* **PROBLEM**
Word for word, transcribe the lines below and drop the pictures.

* **DATASET EXCERPT**

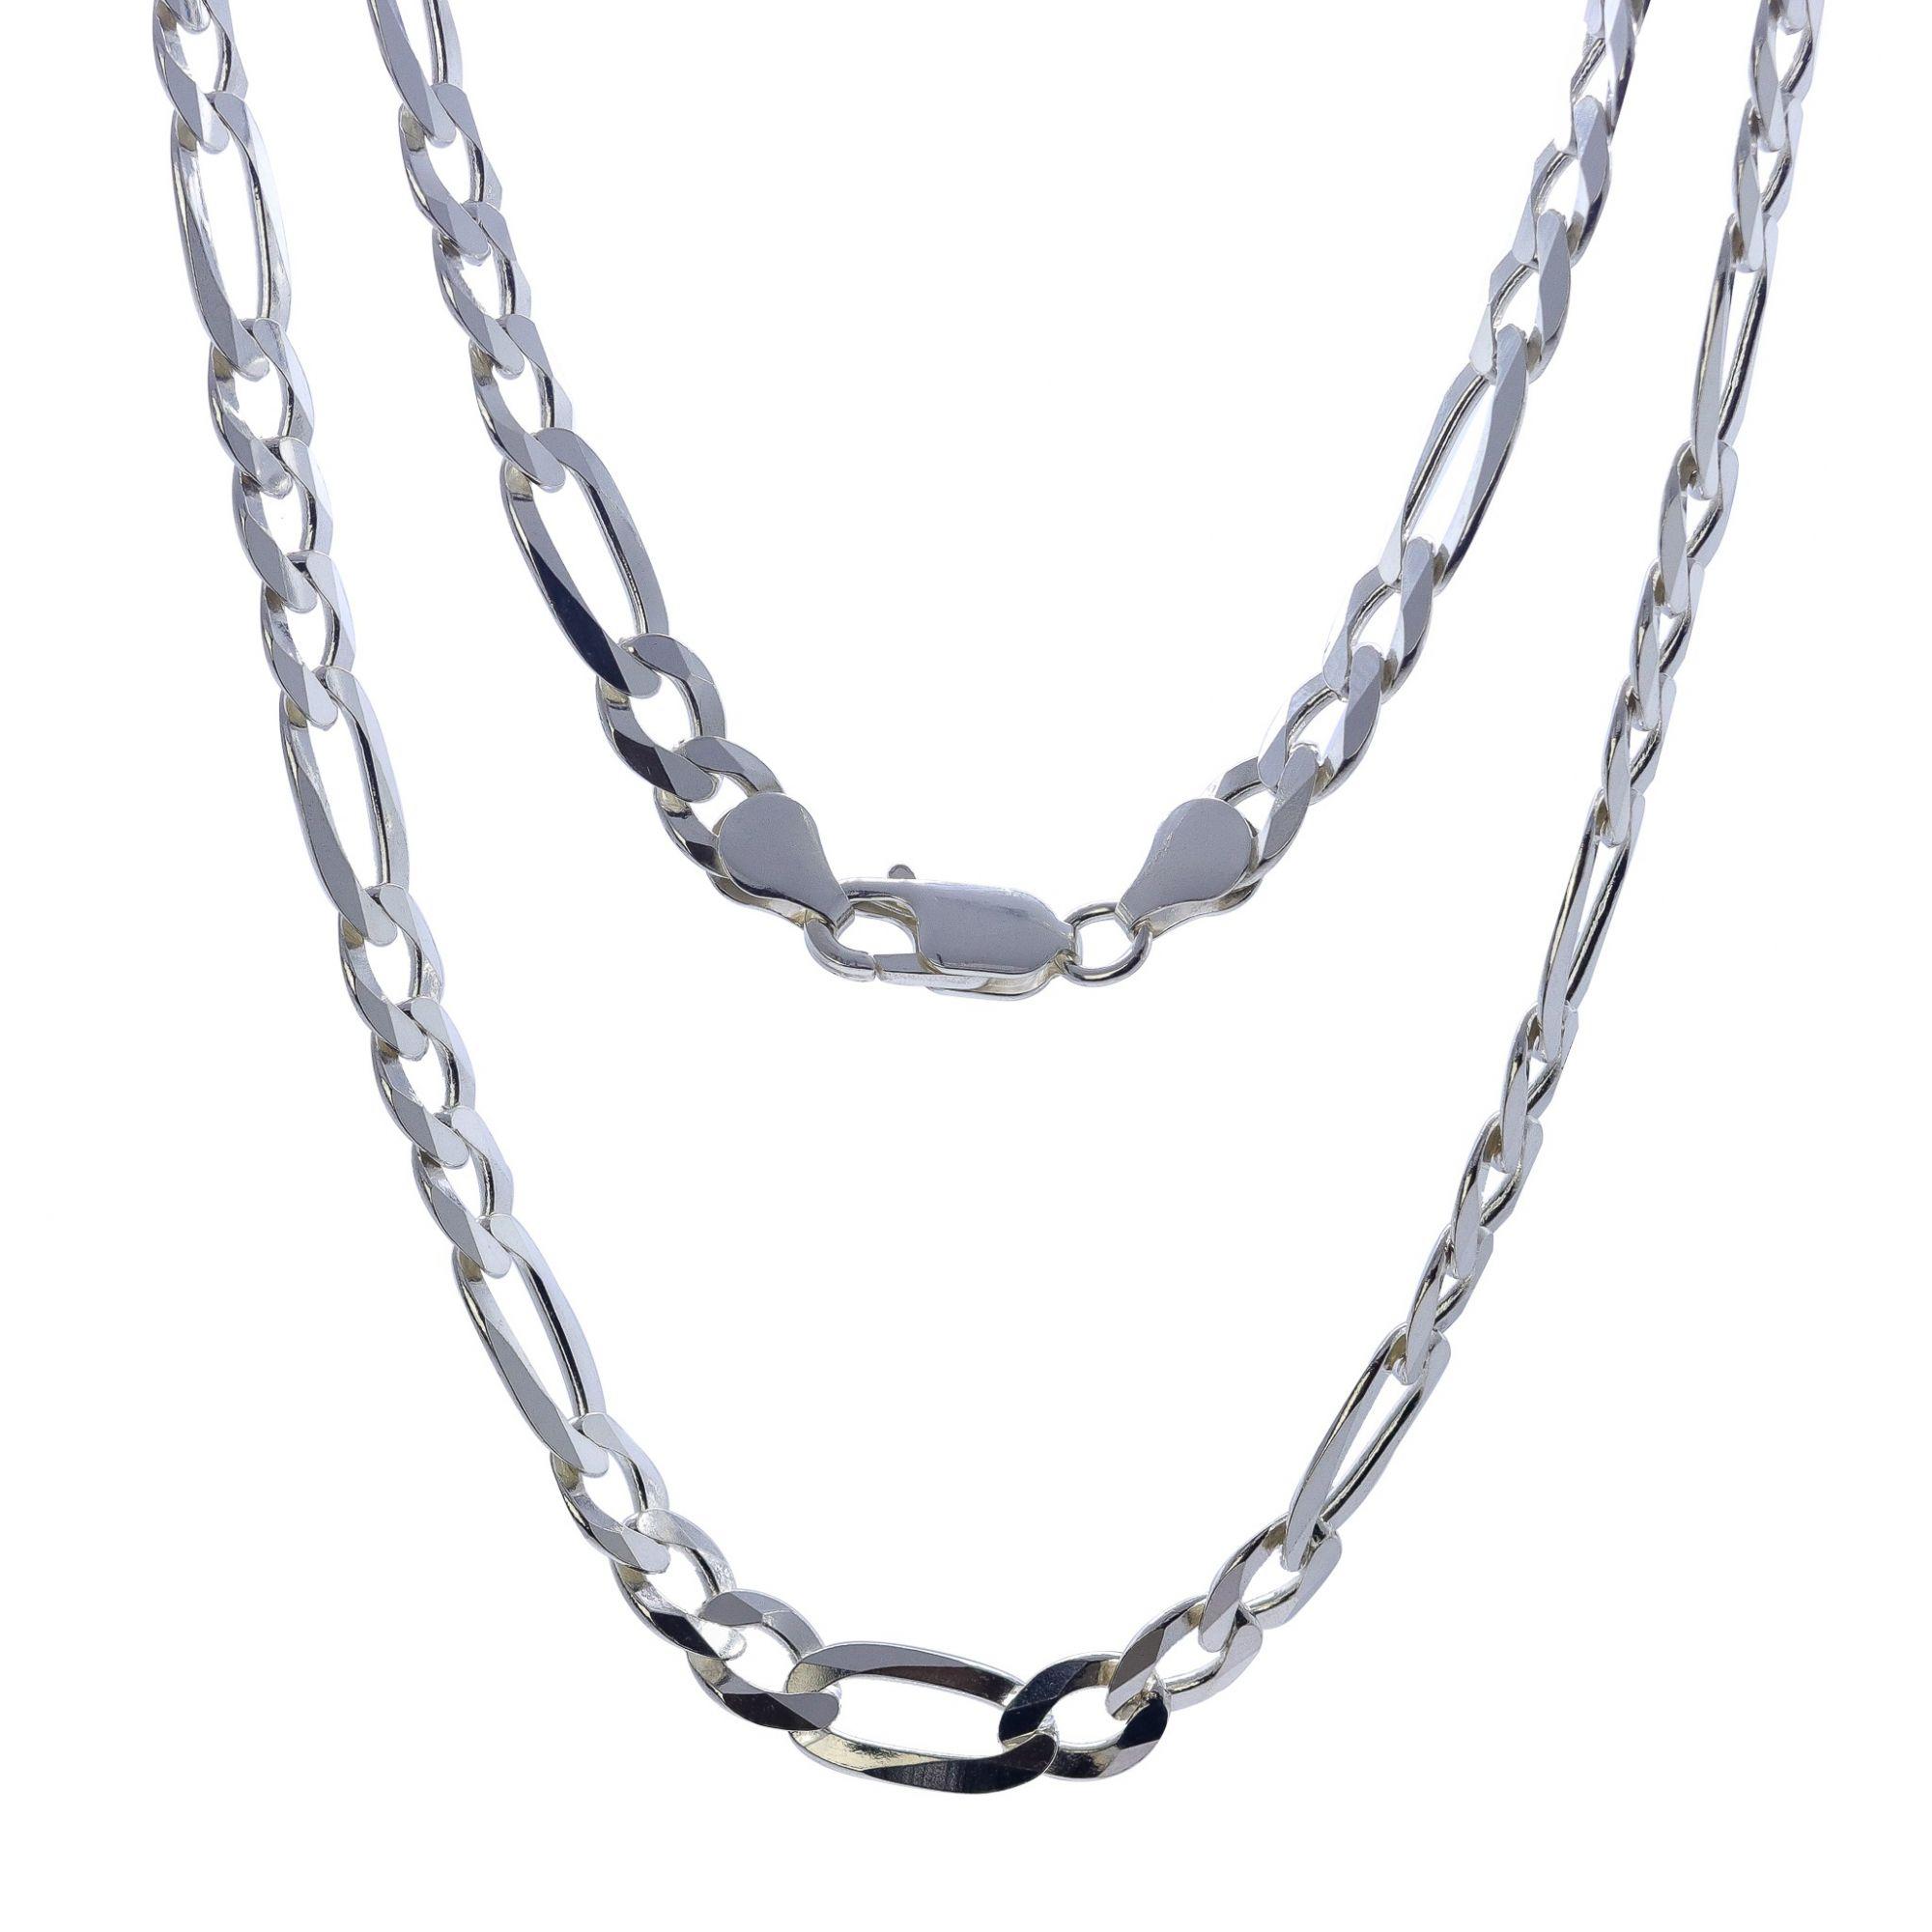 Corrente prata 925 3 por 1 laminada
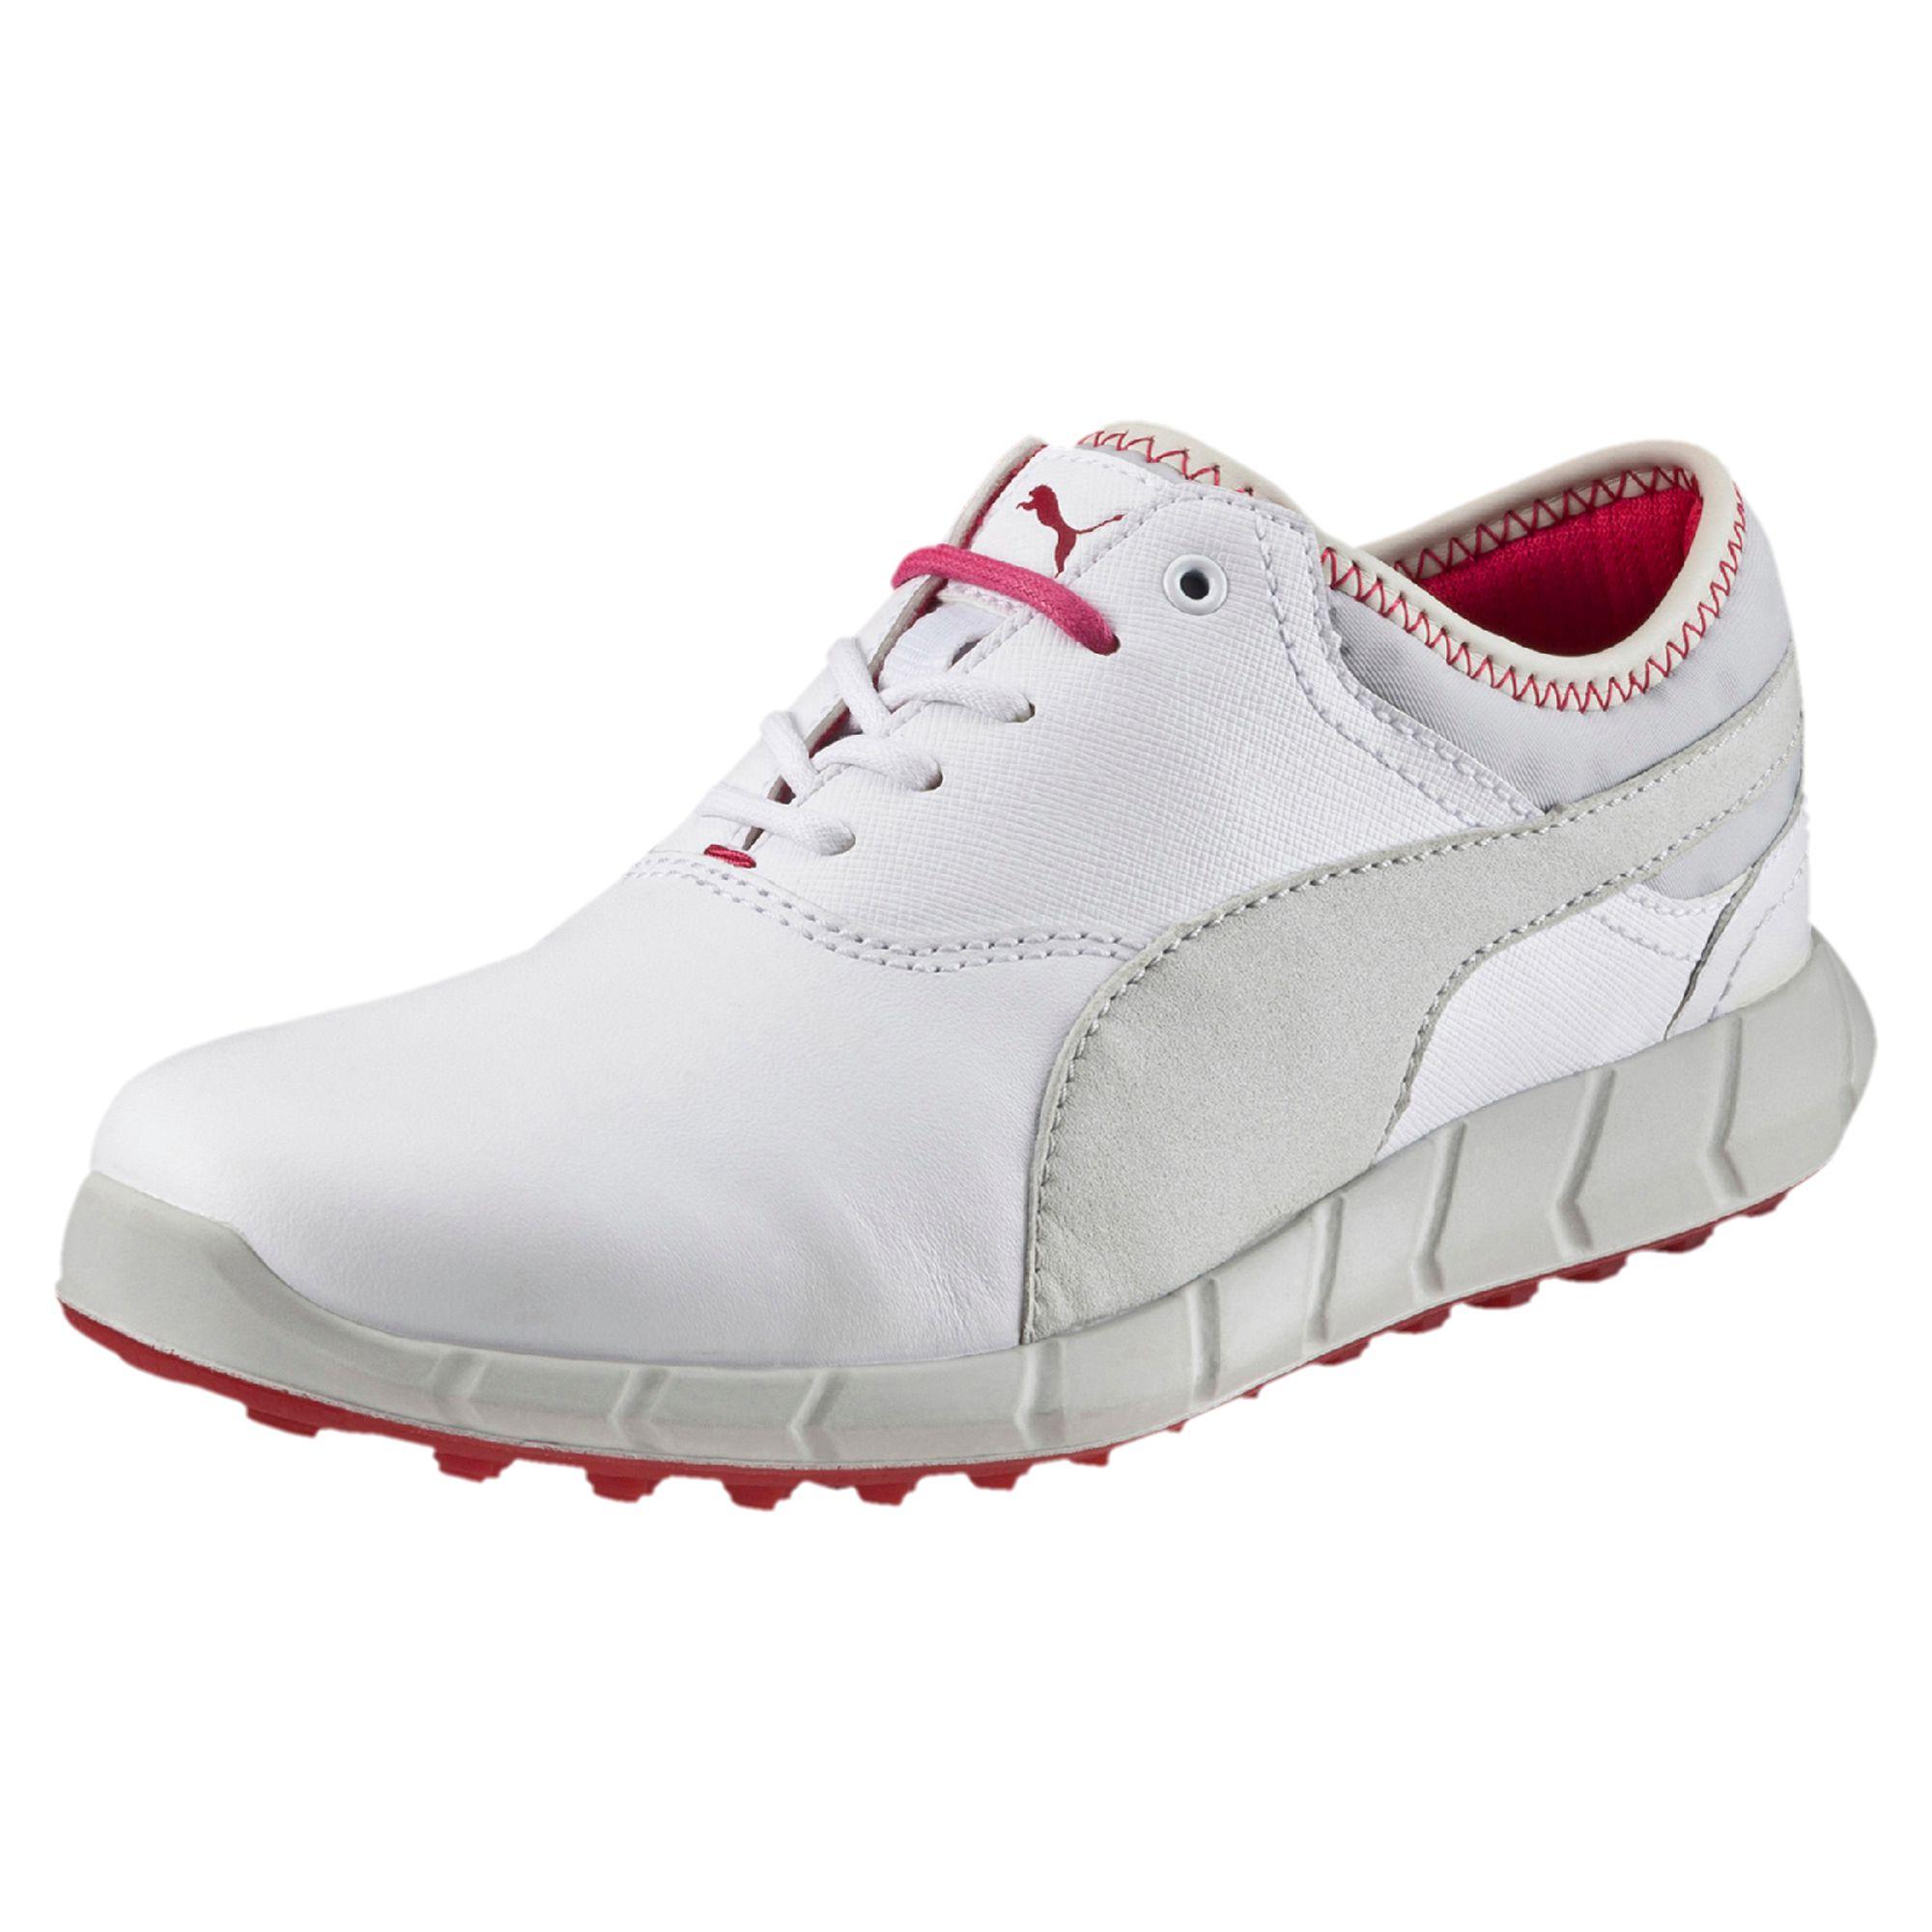 IGNITE Spikeless дамы обуви для гольфа
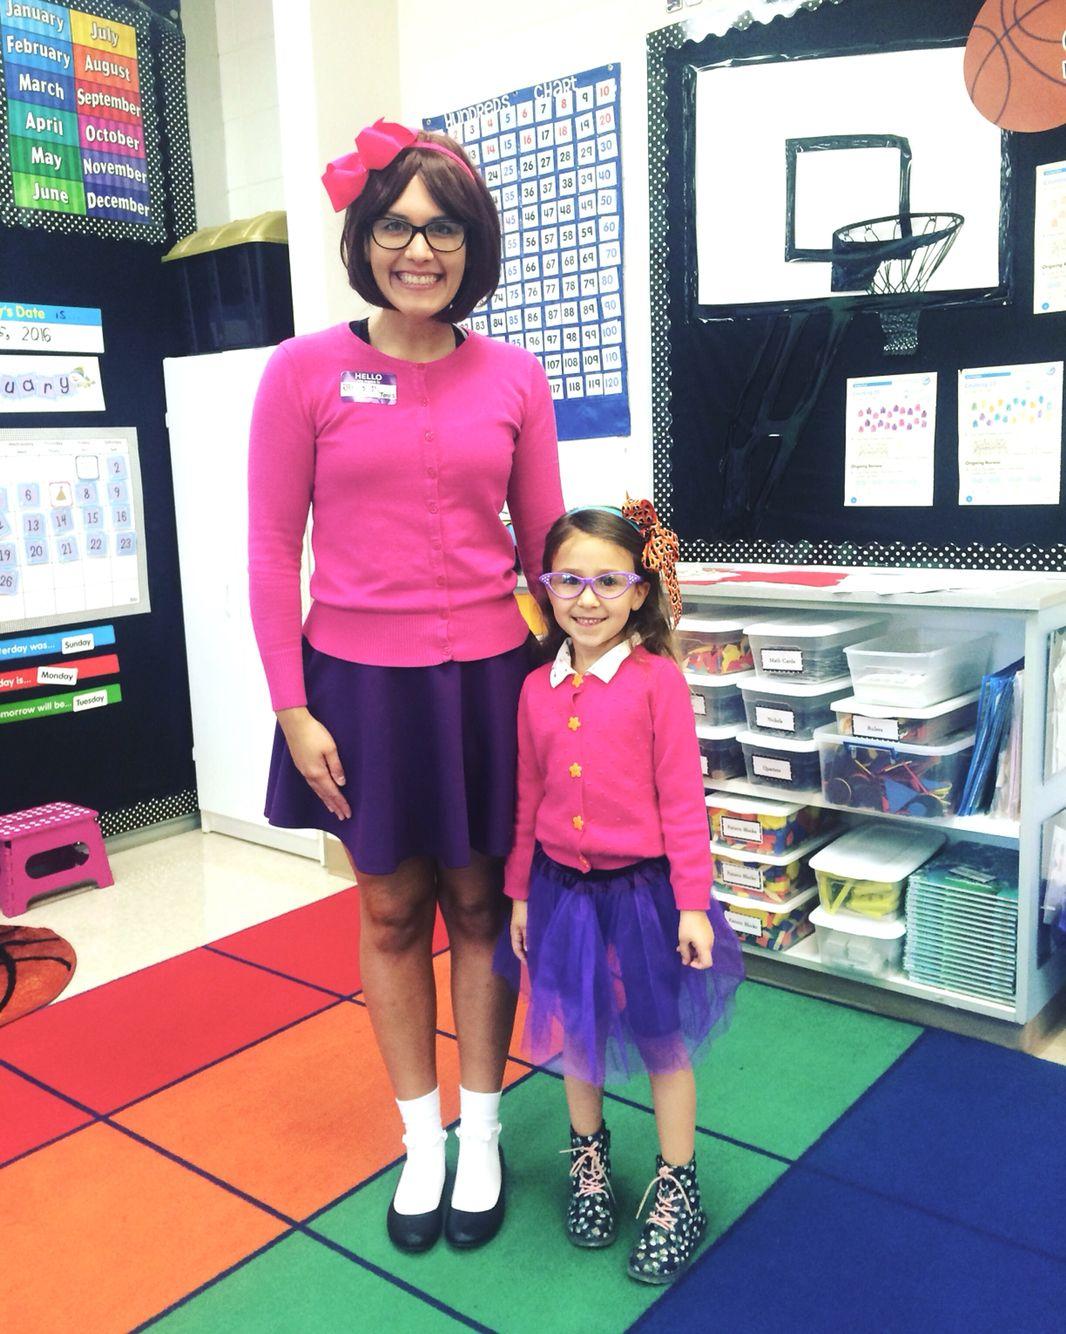 Junie B Jones Costume For Student And Teacher

* **YOUR RESPONSE**
 Corrente prata 925 3 por 1 laminada
 IGNITE Spikeless дамы обуви для гольфа
 Junie B Jones Costume For Student And Teacher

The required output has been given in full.